Items listed in a dataset »
:::::

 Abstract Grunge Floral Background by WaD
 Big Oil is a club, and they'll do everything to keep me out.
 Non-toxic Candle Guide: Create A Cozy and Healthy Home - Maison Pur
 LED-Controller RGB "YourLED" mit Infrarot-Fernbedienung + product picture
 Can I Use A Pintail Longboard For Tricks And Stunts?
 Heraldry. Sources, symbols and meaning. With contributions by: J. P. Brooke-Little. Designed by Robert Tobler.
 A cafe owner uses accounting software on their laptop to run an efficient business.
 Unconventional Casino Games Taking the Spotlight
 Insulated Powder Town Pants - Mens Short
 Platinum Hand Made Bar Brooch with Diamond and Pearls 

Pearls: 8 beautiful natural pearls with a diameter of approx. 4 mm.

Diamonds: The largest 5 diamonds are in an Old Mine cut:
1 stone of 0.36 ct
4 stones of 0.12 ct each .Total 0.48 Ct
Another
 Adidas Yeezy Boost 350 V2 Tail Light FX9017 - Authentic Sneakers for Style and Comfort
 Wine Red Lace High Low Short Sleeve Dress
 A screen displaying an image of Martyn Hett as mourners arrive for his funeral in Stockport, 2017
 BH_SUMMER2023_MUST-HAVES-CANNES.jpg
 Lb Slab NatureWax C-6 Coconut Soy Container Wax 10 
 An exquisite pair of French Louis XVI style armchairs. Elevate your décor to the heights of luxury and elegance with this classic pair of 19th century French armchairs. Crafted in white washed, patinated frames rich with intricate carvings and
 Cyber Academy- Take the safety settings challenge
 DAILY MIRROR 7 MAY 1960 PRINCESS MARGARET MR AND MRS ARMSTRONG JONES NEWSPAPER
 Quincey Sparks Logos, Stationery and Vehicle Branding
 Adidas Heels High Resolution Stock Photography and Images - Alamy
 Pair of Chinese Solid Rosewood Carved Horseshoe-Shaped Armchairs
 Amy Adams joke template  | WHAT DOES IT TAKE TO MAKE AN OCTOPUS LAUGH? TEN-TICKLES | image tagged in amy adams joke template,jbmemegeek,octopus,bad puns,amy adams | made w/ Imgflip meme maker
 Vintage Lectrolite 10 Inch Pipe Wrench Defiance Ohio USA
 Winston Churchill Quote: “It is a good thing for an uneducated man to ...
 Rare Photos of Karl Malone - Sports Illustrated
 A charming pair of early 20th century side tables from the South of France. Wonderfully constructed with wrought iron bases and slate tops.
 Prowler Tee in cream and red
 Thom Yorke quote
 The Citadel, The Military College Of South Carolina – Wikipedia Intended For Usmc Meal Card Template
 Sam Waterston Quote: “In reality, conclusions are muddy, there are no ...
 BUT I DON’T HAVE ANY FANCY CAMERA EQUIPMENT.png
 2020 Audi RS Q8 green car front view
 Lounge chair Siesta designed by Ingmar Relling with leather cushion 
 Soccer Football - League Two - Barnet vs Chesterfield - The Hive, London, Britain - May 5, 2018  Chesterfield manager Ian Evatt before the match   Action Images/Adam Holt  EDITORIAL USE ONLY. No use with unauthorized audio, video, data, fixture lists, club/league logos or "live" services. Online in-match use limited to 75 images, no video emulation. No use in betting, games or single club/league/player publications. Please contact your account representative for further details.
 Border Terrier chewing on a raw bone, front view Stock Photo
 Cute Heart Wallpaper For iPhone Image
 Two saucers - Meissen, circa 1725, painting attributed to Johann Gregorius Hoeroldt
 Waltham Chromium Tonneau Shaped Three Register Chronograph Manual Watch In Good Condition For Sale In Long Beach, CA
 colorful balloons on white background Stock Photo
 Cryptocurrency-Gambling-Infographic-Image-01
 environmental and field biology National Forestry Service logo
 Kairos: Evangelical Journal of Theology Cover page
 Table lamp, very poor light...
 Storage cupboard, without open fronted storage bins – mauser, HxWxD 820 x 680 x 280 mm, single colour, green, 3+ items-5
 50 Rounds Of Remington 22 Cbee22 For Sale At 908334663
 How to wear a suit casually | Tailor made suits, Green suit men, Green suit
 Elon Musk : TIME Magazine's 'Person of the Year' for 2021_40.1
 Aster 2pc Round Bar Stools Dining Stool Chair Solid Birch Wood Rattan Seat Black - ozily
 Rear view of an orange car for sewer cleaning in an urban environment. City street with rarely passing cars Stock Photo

:::::

Task description »
Once you have read the entries, write them out again without altering a single character.

Result for this task »
 Abstract Grunge Floral Background by WaD
 Big Oil is a club, and they'll do everything to keep me out.
 Non-toxic Candle Guide: Create A Cozy and Healthy Home - Maison Pur
 LED-Controller RGB "YourLED" mit Infrarot-Fernbedienung + product picture
 Can I Use A Pintail Longboard For Tricks And Stunts?
 Heraldry. Sources, symbols and meaning. With contributions by: J. P. Brooke-Little. Designed by Robert Tobler.
 A cafe owner uses accounting software on their laptop to run an efficient business.
 Unconventional Casino Games Taking the Spotlight
 Insulated Powder Town Pants - Mens Short
 Platinum Hand Made Bar Brooch with Diamond and Pearls 

Pearls: 8 beautiful natural pearls with a diameter of approx. 4 mm.

Diamonds: The largest 5 diamonds are in an Old Mine cut:
1 stone of 0.36 ct
4 stones of 0.12 ct each .Total 0.48 Ct
Another
 Adidas Yeezy Boost 350 V2 Tail Light FX9017 - Authentic Sneakers for Style and Comfort
 Wine Red Lace High Low Short Sleeve Dress
 A screen displaying an image of Martyn Hett as mourners arrive for his funeral in Stockport, 2017
 BH_SUMMER2023_MUST-HAVES-CANNES.jpg
 Lb Slab NatureWax C-6 Coconut Soy Container Wax 10 
 An exquisite pair of French Louis XVI style armchairs. Elevate your décor to the heights of luxury and elegance with this classic pair of 19th century French armchairs. Crafted in white washed, patinated frames rich with intricate carvings and
 Cyber Academy- Take the safety settings challenge
 DAILY MIRROR 7 MAY 1960 PRINCESS MARGARET MR AND MRS ARMSTRONG JONES NEWSPAPER
 Quincey Sparks Logos, Stationery and Vehicle Branding
 Adidas Heels High Resolution Stock Photography and Images - Alamy
 Pair of Chinese Solid Rosewood Carved Horseshoe-Shaped Armchairs
 Amy Adams joke template  | WHAT DOES IT TAKE TO MAKE AN OCTOPUS LAUGH? TEN-TICKLES | image tagged in amy adams joke template,jbmemegeek,octopus,bad puns,amy adams | made w/ Imgflip meme maker
 Vintage Lectrolite 10 Inch Pipe Wrench Defiance Ohio USA
 Winston Churchill Quote: “It is a good thing for an uneducated man to ...
 Rare Photos of Karl Malone - Sports Illustrated
 A charming pair of early 20th century side tables from the South of France. Wonderfully constructed with wrought iron bases and slate tops.
 Prowler Tee in cream and red
 Thom Yorke quote
 The Citadel, The Military College Of South Carolina – Wikipedia Intended For Usmc Meal Card Template
 Sam Waterston Quote: “In reality, conclusions are muddy, there are no ...
 BUT I DON’T HAVE ANY FANCY CAMERA EQUIPMENT.png
 2020 Audi RS Q8 green car front view
 Lounge chair Siesta designed by Ingmar Relling with leather cushion 
 Soccer Football - League Two - Barnet vs Chesterfield - The Hive, London, Britain - May 5, 2018  Chesterfield manager Ian Evatt before the match   Action Images/Adam Holt  EDITORIAL USE ONLY. No use with unauthorized audio, video, data, fixture lists, club/league logos or "live" services. Online in-match use limited to 75 images, no video emulation. No use in betting, games or single club/league/player publications. Please contact your account representative for further details.
 Border Terrier chewing on a raw bone, front view Stock Photo
 Cute Heart Wallpaper For iPhone Image
 Two saucers - Meissen, circa 1725, painting attributed to Johann Gregorius Hoeroldt
 Waltham Chromium Tonneau Shaped Three Register Chronograph Manual Watch In Good Condition For Sale In Long Beach, CA
 colorful balloons on white background Stock Photo
 Cryptocurrency-Gambling-Infographic-Image-01
 environmental and field biology National Forestry Service logo
 Kairos: Evangelical Journal of Theology Cover page
 Table lamp, very poor light...
 Storage cupboard, without open fronted storage bins – mauser, HxWxD 820 x 680 x 280 mm, single colour, green, 3+ items-5
 50 Rounds Of Remington 22 Cbee22 For Sale At 908334663
 How to wear a suit casually | Tailor made suits, Green suit men, Green suit
 Elon Musk : TIME Magazine's 'Person of the Year' for 2021_40.1
 Aster 2pc Round Bar Stools Dining Stool Chair Solid Birch Wood Rattan Seat Black - ozily
 Rear view of an orange car for sewer cleaning in an urban environment. City street with rarely passing cars Stock Photo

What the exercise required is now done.